Have you ever purchased a new vehicle and then started seeing that exact model (and color!) everywhere? It’s as though everyone decided to make the same purchase at the same time. The truth is that those cars were always there. You just didn’t notice because your attention was focused on other things.
That’s the way it is with hope.
Once we start feeling hopeful, it becomes easier to find more reasons to hope. We start to recognize it in the most unlikely places. Before long, little messages of hope are popping up everywhere. At the beginning of the month I compared hope to a fire – easily extinguished when small and hard to stop when it takes hold. This quote is similar to that analogy. When we are able to focus on hope, it appears to be all around us. It’s a matter of perception and focus — a type of self-fulfilling prophecy. Regardless of our attention, reasons to be hopeful are always present. They exist independent of our ability to perceive them.

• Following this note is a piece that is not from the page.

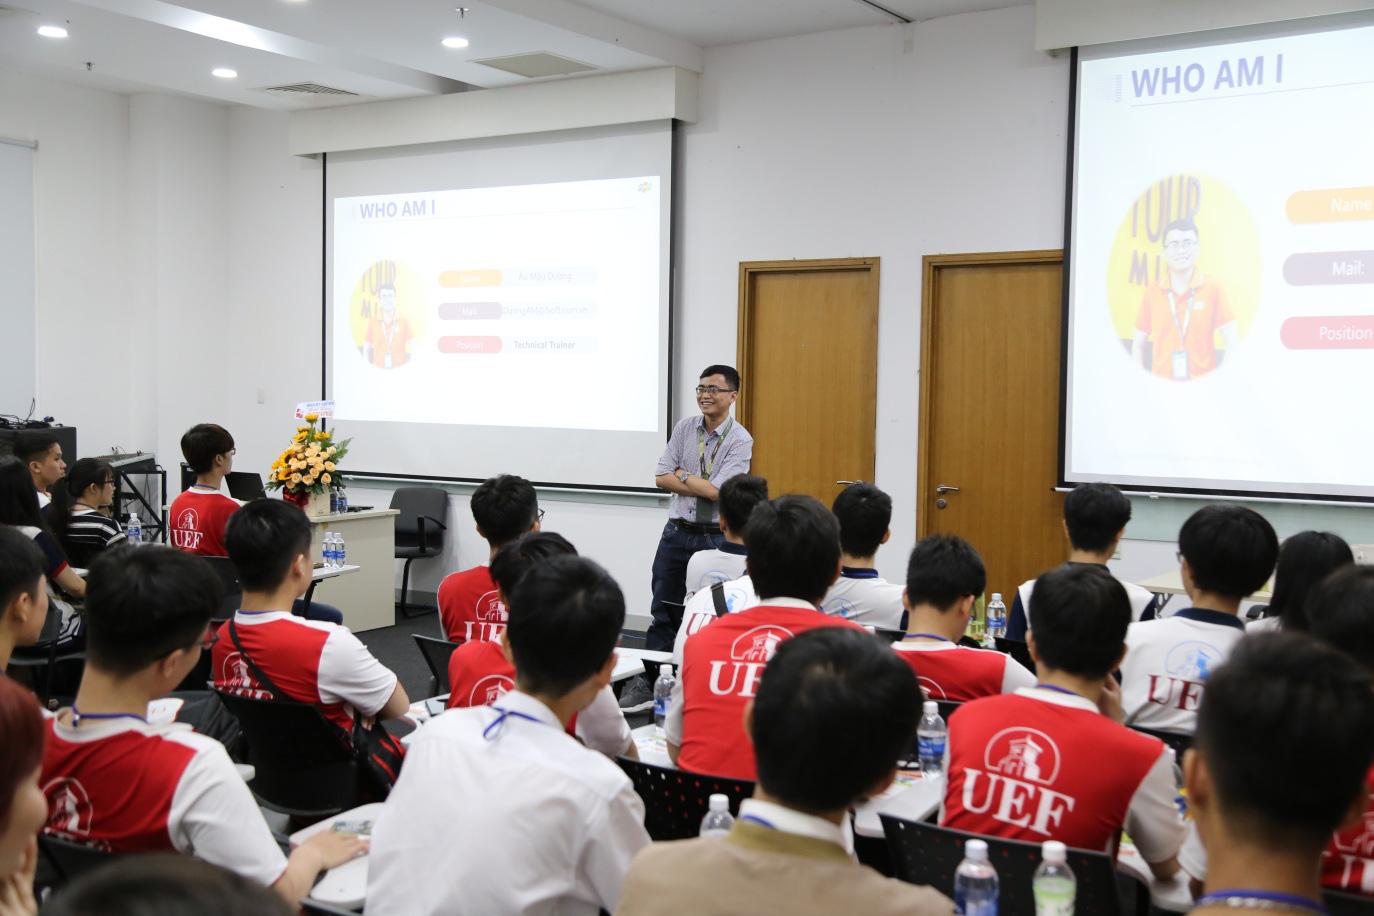 Đón bắt xu hướng nghề nghiệp thời 4.0 với ngành Khoa học dữ liệu tại UEF - Ảnh 1.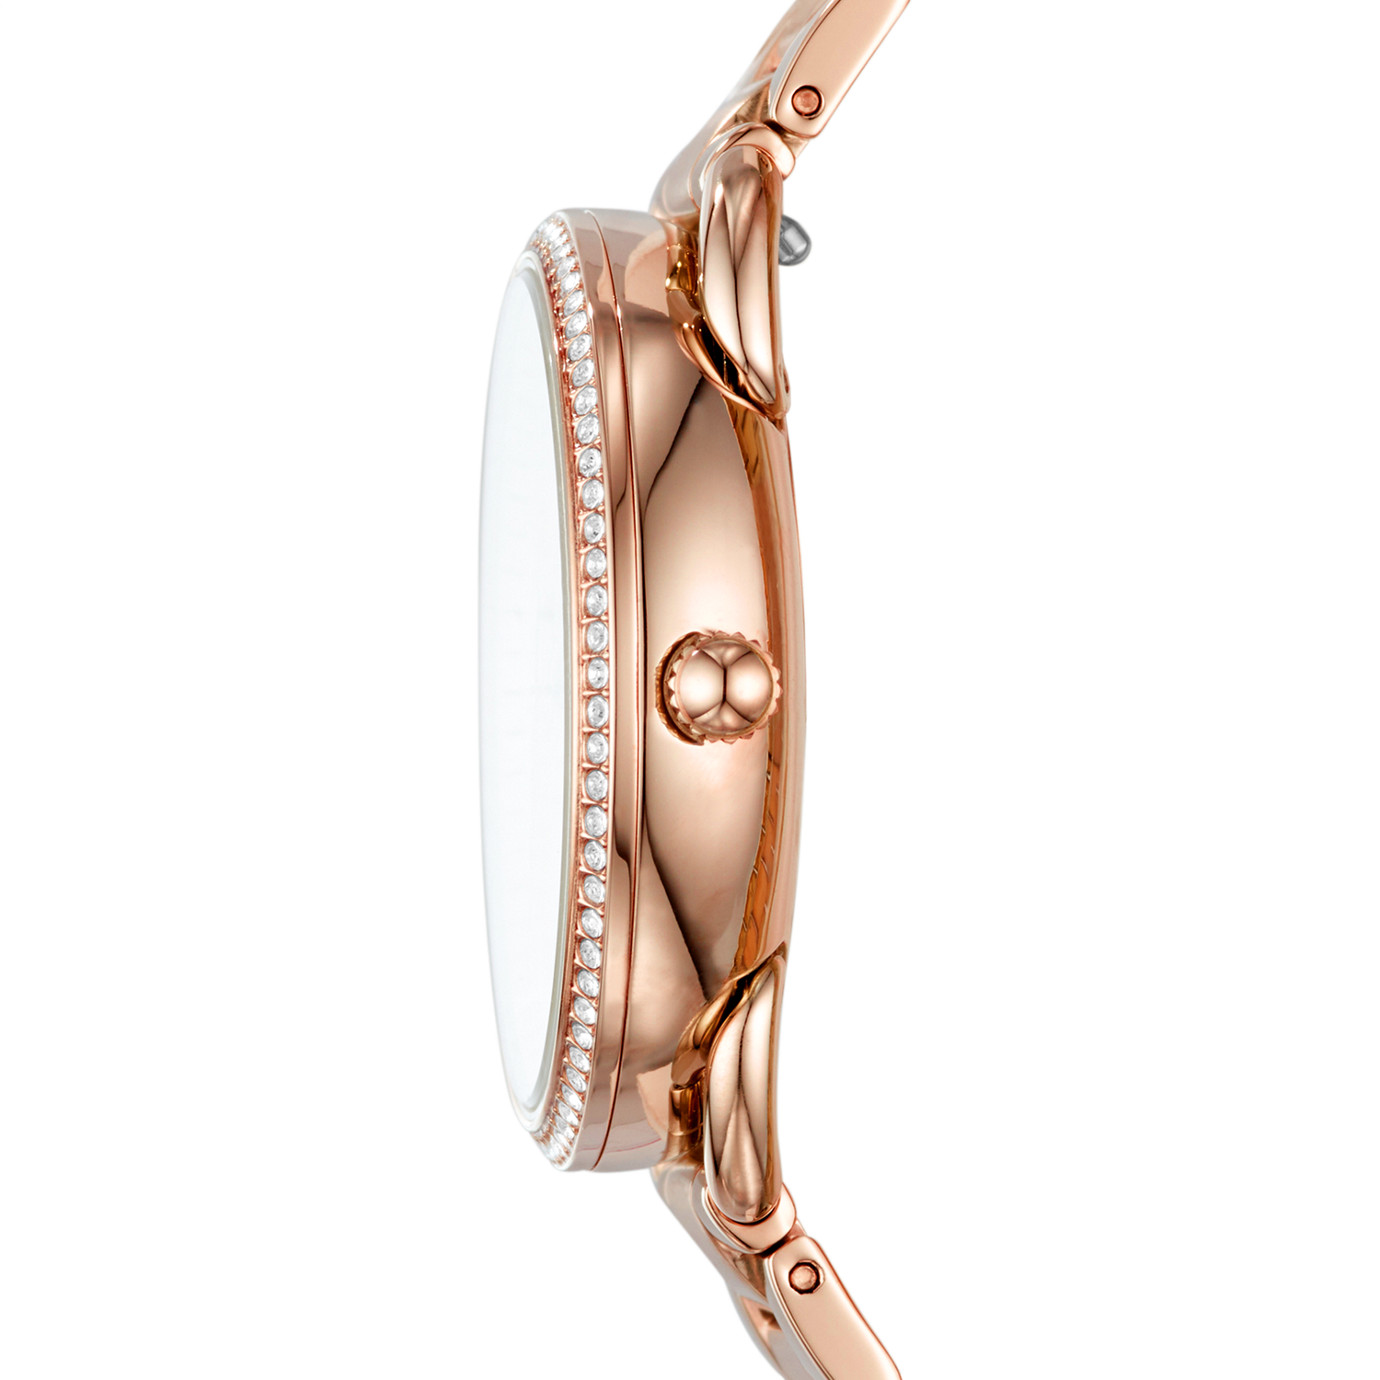 Tailor 系列多功能玫瑰金色不鏽鋼手錶

Have you ever suddenly noticed birds?
Several species of birds live in my back yard, but I don’t always notice them even though I see my back yard every day. Some days I only hear them. Other days, I recognize the species and hear their song. The difference is not the birds. It’s my ability to perceive them. Hope is always available when we are able to recognize it.
So why don’t we see it?
A lot of things compete for our attention. The human brain can only pay attention to a limited number of things at once. When your attention is already full, you might not recognize a source of hope even if someone points it out. Plus, there are thinking errors or bad thinking habits that can blind us from hope.
- Black-and-White thinking limits us from seeing all of the possibilities.
- Over-generalizing focuses on a single treatment failure or insensitive comment as expected events that will never change.
- Mental filtering blinds us from seeing positive evidence.
- Disqualifying the positive rationalizes that good news or positive outcomes don’t matter or don’t count.
- Fortune telling predicts that treatments will turn out badly.
- Catastrophizing magnifies the negative aspects of events.
- Emotional reasoning uses feelings to make rational decisions rather than facts.
- “Shoulds” and “oughts” criticize one person for not doing enough.
- Labeling engages in namecalling instead of accepting that behaviors and thoughts are simply mistakes.
- Blame puts the responsibility for an outcome entirely on one person, overlooking the actions and thoughts of multiple people.
Resilience helps us find hope.
What we really need is a fundamental attributional error. That’s the tendency to see things (and ourselves) in a more positive light that reality can support. This cognitive distortion helps us hang in there when treatment failures pile up and the pain seems to never end. It’s a quality that resilient people all share. You might be wondering if this is just a fancy psychological term for “positive thinking.” It is similar, except that “positive thinking” tends to focus on evidence that it is out of our control. This cognitive distortion focuses on our own ability to control circumstances to our benefit. The truth is that very little of life is within our control. If we focus on that too much, we can become depressed.
A little hopeful delusion is healthy.